ASSIGNMENT —
Where the records below show a line containing "NIVEA Brightening Happy", start copying; end with the line containing "Stansport Bug-not Mesh Backpack Tent", and copy it too.

Dataset records —
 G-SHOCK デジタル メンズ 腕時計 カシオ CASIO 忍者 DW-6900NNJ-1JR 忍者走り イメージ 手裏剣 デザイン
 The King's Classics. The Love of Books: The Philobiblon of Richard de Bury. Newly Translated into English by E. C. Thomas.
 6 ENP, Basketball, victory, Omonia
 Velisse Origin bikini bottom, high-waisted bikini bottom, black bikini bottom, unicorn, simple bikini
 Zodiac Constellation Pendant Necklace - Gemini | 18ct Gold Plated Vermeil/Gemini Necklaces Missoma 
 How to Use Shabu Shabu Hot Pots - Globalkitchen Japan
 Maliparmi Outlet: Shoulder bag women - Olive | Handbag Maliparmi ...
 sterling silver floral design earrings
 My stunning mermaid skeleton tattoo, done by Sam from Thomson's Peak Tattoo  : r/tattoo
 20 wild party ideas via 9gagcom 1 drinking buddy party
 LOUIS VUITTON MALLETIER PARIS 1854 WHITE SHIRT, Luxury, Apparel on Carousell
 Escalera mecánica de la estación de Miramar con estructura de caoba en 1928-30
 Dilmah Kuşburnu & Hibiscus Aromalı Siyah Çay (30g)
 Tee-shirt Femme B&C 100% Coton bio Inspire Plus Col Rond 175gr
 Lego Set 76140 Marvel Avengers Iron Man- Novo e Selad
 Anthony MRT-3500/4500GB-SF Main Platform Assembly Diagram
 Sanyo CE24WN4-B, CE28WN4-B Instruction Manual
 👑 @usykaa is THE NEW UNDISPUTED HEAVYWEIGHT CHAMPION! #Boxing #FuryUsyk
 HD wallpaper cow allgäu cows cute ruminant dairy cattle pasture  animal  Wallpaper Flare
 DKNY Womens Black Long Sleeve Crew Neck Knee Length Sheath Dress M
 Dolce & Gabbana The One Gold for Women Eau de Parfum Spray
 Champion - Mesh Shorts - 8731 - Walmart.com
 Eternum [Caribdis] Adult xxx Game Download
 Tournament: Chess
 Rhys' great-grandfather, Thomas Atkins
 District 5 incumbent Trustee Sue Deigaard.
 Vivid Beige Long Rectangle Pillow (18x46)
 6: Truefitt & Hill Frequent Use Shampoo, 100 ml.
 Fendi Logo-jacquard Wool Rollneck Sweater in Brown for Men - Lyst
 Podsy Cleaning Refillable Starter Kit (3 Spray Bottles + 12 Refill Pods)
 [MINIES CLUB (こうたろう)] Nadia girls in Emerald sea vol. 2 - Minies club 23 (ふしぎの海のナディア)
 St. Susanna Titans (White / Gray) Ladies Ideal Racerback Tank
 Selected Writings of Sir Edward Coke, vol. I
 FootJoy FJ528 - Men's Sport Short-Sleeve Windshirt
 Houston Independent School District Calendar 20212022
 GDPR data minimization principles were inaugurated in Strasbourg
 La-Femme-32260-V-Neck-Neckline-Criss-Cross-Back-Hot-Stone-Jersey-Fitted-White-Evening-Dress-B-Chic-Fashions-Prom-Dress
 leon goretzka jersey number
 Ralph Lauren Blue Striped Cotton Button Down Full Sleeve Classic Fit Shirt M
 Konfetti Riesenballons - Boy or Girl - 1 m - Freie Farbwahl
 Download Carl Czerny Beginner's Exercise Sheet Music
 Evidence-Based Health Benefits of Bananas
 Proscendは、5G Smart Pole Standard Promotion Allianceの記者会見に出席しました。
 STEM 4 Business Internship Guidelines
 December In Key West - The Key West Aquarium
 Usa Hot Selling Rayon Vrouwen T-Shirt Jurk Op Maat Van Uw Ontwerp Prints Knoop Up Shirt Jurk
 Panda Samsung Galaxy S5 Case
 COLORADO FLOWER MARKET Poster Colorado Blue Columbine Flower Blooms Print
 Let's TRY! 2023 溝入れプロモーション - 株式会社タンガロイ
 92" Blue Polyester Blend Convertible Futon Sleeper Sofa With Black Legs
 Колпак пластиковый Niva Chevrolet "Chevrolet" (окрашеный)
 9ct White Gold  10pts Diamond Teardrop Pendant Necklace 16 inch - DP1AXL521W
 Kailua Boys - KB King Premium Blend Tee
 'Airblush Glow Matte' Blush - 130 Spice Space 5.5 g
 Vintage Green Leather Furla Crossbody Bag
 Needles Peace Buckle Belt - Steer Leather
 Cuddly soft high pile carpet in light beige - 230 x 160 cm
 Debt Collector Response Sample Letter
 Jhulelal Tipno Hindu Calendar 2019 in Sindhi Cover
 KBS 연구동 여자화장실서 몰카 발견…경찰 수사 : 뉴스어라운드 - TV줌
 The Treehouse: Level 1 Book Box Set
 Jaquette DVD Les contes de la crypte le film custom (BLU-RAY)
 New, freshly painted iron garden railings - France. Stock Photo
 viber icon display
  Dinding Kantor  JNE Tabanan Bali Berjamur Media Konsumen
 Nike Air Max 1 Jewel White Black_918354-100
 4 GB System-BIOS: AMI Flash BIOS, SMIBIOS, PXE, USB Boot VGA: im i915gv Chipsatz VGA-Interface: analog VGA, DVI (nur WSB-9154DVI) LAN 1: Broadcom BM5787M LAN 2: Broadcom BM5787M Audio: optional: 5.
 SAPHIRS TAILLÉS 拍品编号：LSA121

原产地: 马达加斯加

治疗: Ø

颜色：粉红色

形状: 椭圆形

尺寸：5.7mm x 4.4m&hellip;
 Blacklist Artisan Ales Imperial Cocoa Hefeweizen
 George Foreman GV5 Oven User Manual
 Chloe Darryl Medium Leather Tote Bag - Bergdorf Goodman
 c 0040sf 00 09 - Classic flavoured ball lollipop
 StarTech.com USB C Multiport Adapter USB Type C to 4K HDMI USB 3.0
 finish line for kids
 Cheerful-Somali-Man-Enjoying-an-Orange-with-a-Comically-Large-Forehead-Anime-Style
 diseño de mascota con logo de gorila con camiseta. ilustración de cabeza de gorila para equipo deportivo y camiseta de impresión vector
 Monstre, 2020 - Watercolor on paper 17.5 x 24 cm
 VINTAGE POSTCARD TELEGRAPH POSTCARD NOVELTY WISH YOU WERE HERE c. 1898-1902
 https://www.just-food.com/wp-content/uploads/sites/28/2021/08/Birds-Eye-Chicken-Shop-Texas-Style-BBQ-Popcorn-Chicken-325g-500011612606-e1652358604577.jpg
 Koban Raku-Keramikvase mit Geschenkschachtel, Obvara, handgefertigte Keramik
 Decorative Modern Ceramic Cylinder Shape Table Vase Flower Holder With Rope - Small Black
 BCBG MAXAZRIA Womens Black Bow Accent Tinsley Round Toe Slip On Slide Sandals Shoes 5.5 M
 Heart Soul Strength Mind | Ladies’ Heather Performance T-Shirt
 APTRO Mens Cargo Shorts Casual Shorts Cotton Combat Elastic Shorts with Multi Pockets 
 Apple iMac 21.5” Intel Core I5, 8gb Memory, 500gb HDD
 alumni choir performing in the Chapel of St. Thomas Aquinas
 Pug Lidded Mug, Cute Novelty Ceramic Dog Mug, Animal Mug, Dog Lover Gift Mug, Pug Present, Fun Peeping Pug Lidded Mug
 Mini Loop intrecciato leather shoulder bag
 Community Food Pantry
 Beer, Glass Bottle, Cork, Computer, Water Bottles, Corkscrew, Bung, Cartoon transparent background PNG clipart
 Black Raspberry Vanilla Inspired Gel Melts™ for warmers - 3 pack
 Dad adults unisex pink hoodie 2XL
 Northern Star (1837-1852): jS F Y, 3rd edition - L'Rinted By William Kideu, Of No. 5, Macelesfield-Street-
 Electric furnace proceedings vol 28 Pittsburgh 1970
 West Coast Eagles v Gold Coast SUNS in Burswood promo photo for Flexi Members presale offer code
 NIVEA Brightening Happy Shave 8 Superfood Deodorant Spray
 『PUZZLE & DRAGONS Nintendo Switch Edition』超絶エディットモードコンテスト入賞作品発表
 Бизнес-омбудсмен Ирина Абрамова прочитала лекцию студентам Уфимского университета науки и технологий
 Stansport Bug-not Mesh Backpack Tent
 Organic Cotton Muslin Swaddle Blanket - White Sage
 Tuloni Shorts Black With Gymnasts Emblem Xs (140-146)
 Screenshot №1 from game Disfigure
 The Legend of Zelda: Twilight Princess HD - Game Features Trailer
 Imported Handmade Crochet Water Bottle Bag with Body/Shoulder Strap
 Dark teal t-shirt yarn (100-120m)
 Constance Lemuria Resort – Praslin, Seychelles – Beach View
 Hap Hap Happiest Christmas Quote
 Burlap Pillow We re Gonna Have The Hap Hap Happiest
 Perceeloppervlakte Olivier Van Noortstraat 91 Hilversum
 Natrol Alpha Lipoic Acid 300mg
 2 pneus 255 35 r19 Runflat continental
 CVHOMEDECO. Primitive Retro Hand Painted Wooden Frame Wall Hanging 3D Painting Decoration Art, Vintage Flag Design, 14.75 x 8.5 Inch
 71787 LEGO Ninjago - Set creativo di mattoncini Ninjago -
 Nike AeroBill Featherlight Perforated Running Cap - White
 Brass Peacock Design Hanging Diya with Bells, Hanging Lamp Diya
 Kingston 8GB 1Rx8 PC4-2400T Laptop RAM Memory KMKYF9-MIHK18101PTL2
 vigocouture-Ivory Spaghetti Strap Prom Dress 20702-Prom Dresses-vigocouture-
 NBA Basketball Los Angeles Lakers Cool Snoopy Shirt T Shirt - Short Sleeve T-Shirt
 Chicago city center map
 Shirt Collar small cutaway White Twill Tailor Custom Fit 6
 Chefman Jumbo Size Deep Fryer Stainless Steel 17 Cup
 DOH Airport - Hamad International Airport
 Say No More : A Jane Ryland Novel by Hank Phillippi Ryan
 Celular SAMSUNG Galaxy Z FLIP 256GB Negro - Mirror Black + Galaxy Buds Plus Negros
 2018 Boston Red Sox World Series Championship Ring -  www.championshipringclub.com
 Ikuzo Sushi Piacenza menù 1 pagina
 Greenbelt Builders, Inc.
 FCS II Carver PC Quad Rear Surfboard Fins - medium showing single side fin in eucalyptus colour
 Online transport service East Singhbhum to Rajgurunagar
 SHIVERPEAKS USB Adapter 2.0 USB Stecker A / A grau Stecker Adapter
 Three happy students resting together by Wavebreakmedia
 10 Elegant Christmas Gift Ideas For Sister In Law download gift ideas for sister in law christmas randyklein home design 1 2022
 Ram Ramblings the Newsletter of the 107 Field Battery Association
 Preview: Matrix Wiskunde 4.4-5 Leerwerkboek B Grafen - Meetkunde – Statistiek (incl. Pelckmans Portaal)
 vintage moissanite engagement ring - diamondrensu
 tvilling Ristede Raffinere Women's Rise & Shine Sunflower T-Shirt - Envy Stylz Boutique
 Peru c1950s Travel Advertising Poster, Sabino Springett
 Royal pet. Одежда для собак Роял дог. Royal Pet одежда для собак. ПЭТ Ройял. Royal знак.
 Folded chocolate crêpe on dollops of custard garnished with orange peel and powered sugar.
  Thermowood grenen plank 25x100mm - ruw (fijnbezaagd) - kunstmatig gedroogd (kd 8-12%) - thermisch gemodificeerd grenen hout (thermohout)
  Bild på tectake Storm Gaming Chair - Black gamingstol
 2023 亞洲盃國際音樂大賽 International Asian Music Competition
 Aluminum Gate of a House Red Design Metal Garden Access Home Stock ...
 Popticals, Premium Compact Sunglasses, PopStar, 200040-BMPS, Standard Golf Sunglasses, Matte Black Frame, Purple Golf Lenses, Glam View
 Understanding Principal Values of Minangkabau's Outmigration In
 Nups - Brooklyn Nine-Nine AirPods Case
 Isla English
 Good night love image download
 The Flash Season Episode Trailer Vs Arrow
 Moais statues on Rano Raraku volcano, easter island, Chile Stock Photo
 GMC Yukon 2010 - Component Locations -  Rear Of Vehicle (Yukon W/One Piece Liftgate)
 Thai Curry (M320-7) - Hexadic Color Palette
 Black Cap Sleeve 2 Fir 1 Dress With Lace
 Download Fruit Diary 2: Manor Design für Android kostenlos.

REPLY —
 NIVEA Brightening Happy Shave 8 Superfood Deodorant Spray
 『PUZZLE & DRAGONS Nintendo Switch Edition』超絶エディットモードコンテスト入賞作品発表
 Бизнес-омбудсмен Ирина Абрамова прочитала лекцию студентам Уфимского университета науки и технологий
 Stansport Bug-not Mesh Backpack Tent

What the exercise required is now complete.